An ordinary Counterpart m represents a receiver node as an opaque monadic action returning both the sampled challenge and the continuation. That is the right shape for execution, but it is too weak for verifier-side Fiat-Shamir: given a prescribed challenge x, there is no way to recover the continuation for x unless that continuation is exposed separately.

PublicCoinCounterpart factors each receiver node into:

• sample : m X — how the verifier samples the next public challenge
• next : (x : X) → ... — how the rest of the verifier depends on that challenge

This is exactly the extra structure needed to replay a prescribed transcript through the verifier.

def Interaction.Spec.PublicCoinCounterpart.mapOutput {m : Type u → Type u} [Functor m] {spec : Spec} {roles : RoleDecoration spec} {A B : spec.Transcript → Type u} : ((tr : spec.Transcript) → A tr → B tr) → PublicCoinCounterpart m spec roles A → PublicCoinCounterpart m spec roles B

Functorial output map for public-coin counterparts.
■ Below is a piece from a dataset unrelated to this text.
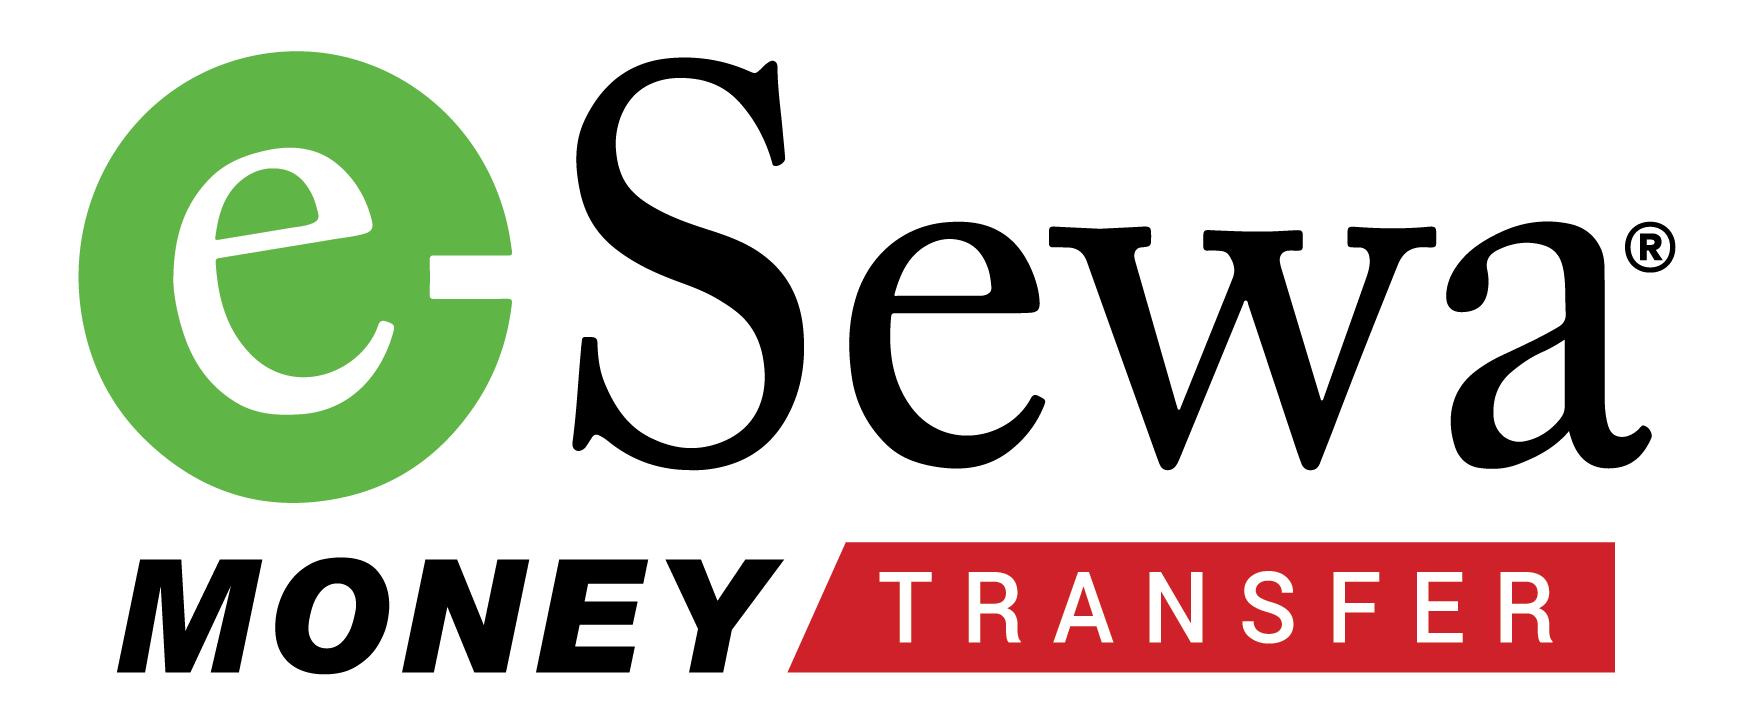 Esewa Money Transfer - Logo 4

The challenge samplers are unchanged; only the terminal output carried by continuations is mapped.

def Interaction.Spec.PublicCoinCounterpart.toCounterpart {m : Type u → Type u} [Monad m] {spec : Spec} {roles : RoleDecoration spec} {Output : spec.Transcript → Type u} : PublicCoinCounterpart m spec roles Output → Counterpart m spec roles Output

Forget the public-coin factorization and recover the ordinary executable counterpart.

def Interaction.Spec.PublicCoinCounterpart.replay {m : Type u → Type u} [Monad m] {spec : Spec} {roles : RoleDecoration spec} {Output : spec.Transcript → Type u} : PublicCoinCounterpart m spec roles Output → (tr : spec.Transcript) → m (Output tr)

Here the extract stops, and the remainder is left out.